Today, from our country’s dramatic and rocky diversity history, we now find ourselves having to pass “rules,” “guidelines” and laws about how we should treat each other.  While obviously we still have a long ways to go as a nation, the REALTOR(R) Party took a huge step at the Midyear meetings in D.C. to show this organization’s dedication to diversity and equal housing.  I sat in my chair on the professional standards committee and watched a huge room of diverse people unanimously vote to add equal protection for sexual orientation to our Standards of Practice.  There was no partisan bickering.  There was no drama.  There was no dissent.  There was only a roll of applause when the chair announced it passed.

I could not be prouder to say I’m a REALTOR(R) today.  Our organization took a step ahead of national policy and set the tone for others to follow.  As YPN, many honestly don’t understand why we have to have these kind of words in our practice.  I’m proud to say that sitting on the YPN Advisory Bward, hanging out with the “mindset” and being part of the amazing YPN culture, I never hear of, see or read anything that would raise a flag.  As a former congressional race employee and growing up in the South, I’ve always heard “back door” discussions about races, genders, sexual orientation and the like; however, YPNers don’t seem to get it.  YPNers are clueless.  YPNers simply aren’t in the loop.  What a wonderful compliment to be paid to our group!

We don’t seem to understand these issues, because we are a new mindset.  One that says that we can’t imagine a day ever when someone wouldn’t be allowed to rent an apartment through a REALTOR(R) because of their familial status.  One that is blind to a moment when someone would deny homeownership to a person of color.  One that is appalled to hear a broker say, “We don’t want to do business with gay people, nor do we want them in our company.” (Side note:  Yes, this was said in a broker class I took 1.5 years ago in a small group exercise.)

YPNers, I’m so proud to be a part of you.  REALTOR(R) Party, I’m so proud to be a part of you.  As one member of Professional Standards said yesterday, “I wish we could just say ‘no discrimination.’”  I’d take it to the next level and say, “I tearfully pray for the day when documents needed to spell out how we treat discrimination issues are museum artifacts, reminders of a day long gone.”

Brian Copeland is a real estate practitioner in Nashville, Tenn. You can follow Brian on Twitter: @NashvilleBrian

Comments
  1. Love hearing that the description of ‘equal’ keeps getting simpler and simpler for all of us.

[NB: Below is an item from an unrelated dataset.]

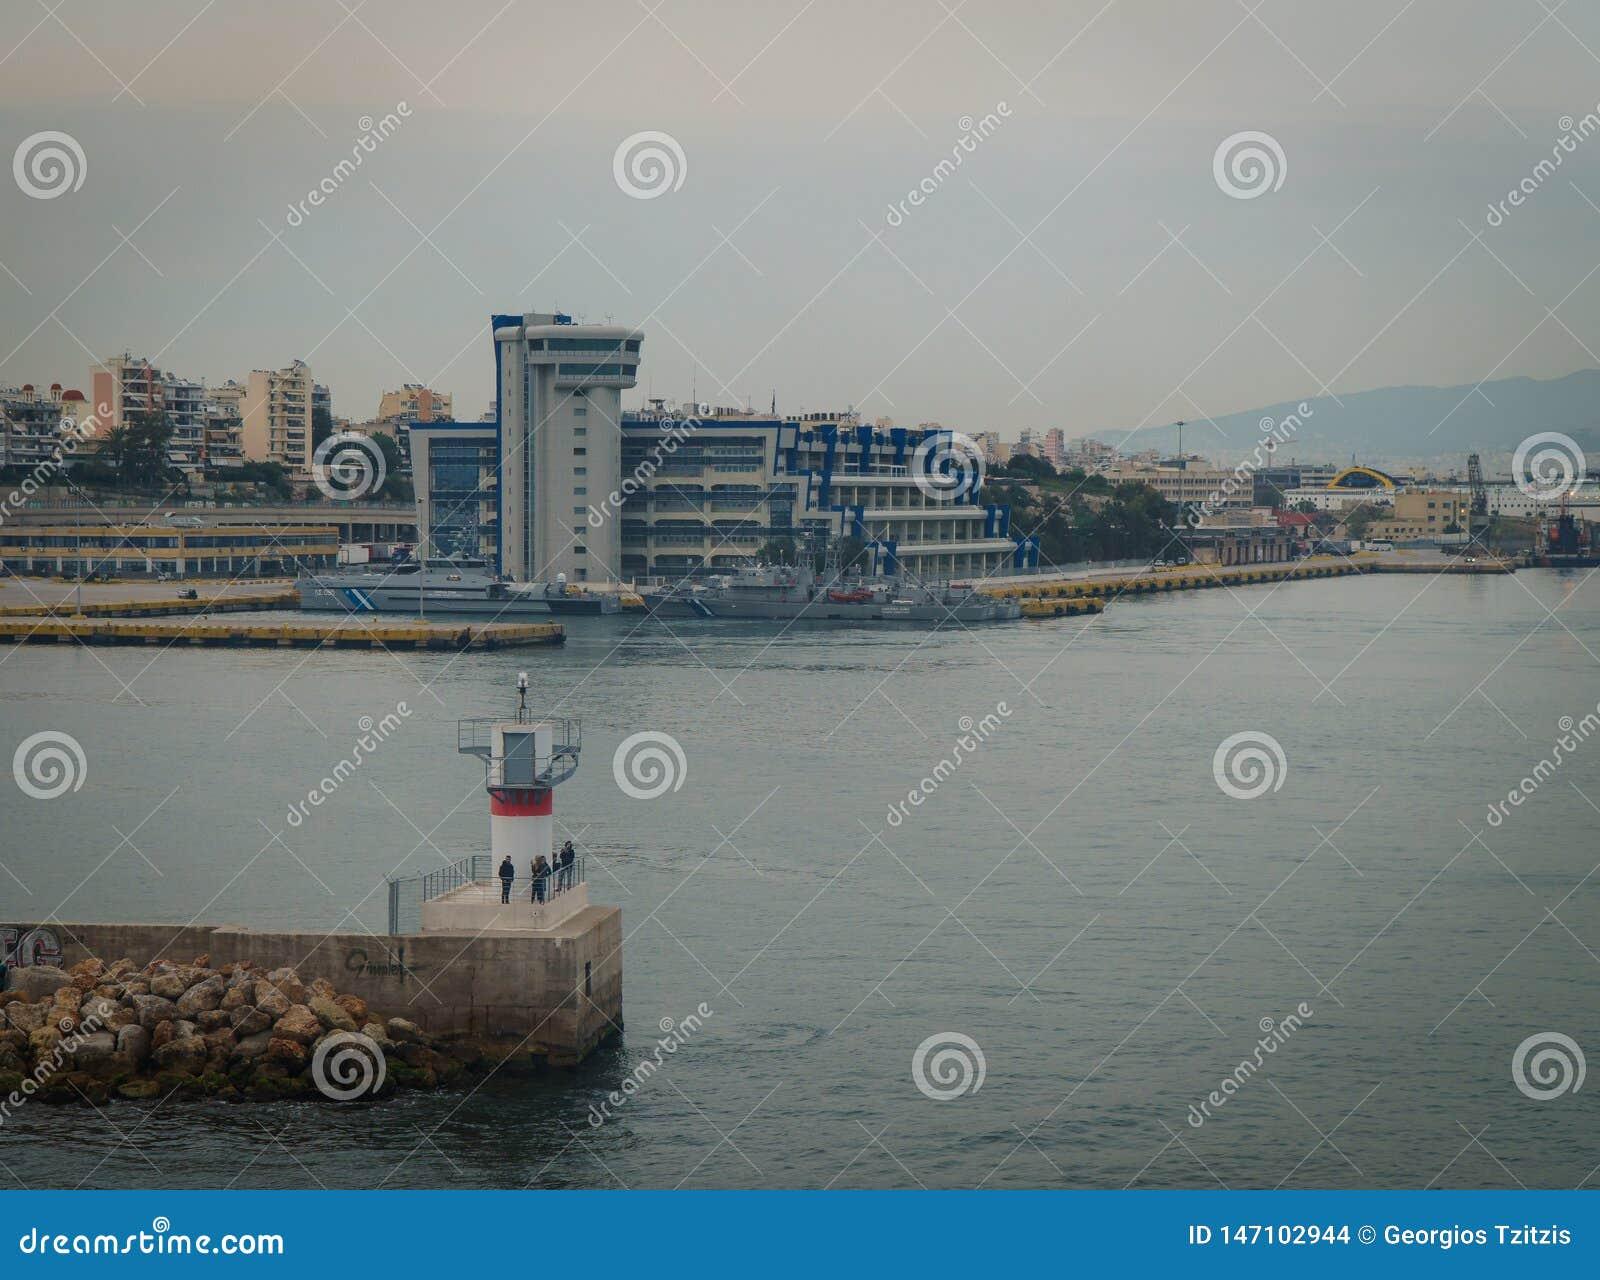 Conseptual a tir? du bateau qui laisse au port les autres bateaux et la tour de commande, dans un jour nuageux avec la mer calme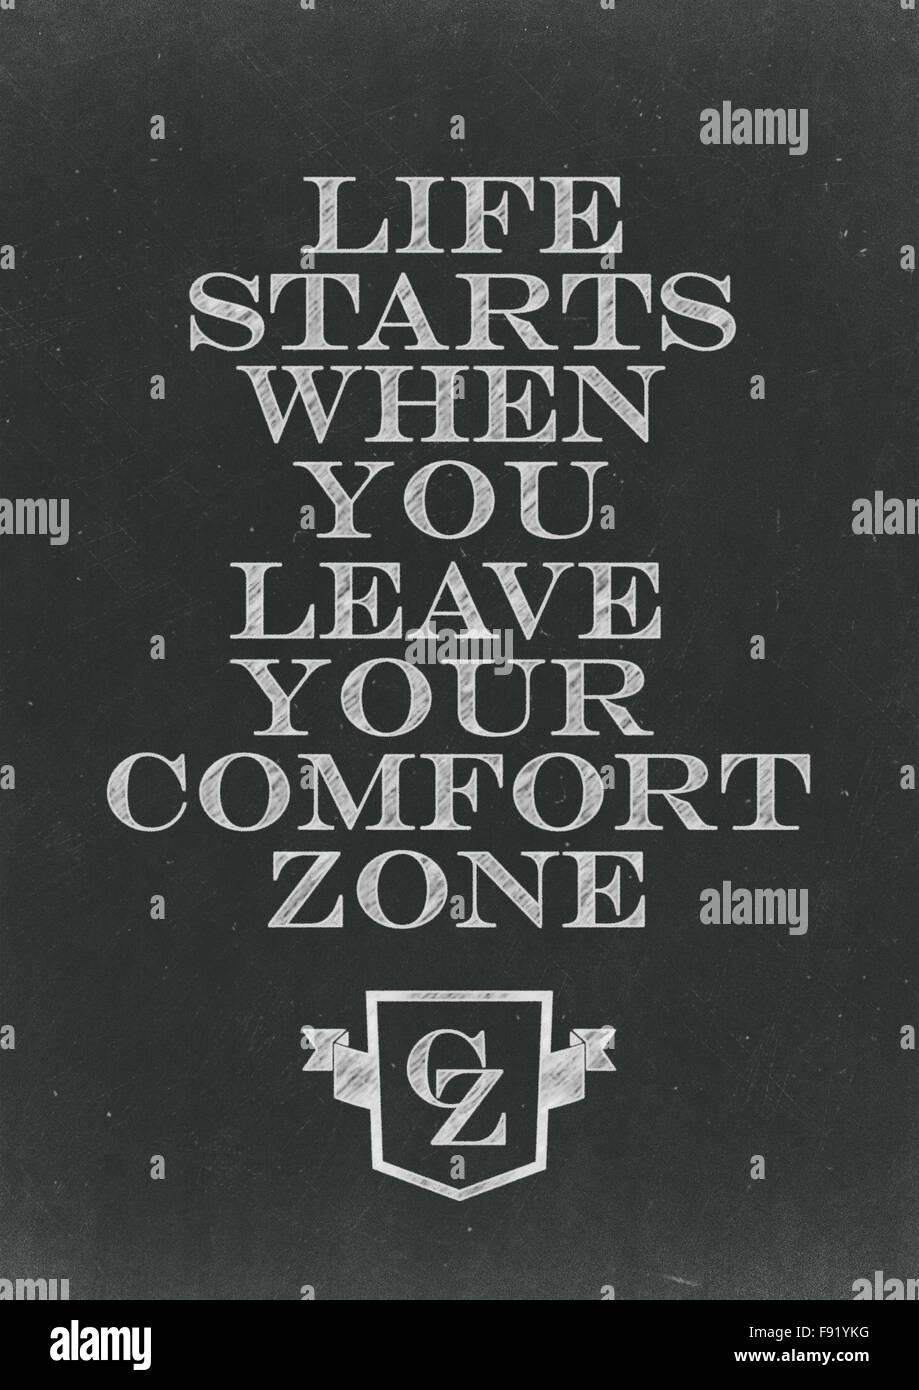 La vida empieza cuando salgas de tu zona de confort escritos a mano en una pizarra Imagen De Stock

  2. I’m proud. This is a great article. I had difficulty in explaining what I’d like to see implemented with ‘Equality’ or LGBT issues a few weeks ago- This is a great start – Should we do any more in this area?

  3. Well said Brian -

  4. Brooke Wolford

    Terrific post! All it takes is for people to speak out together! I am proud that apart of it!

  5. vennie liddell

    Searching inf : First year REALTOR accepted black brokers, agents as members.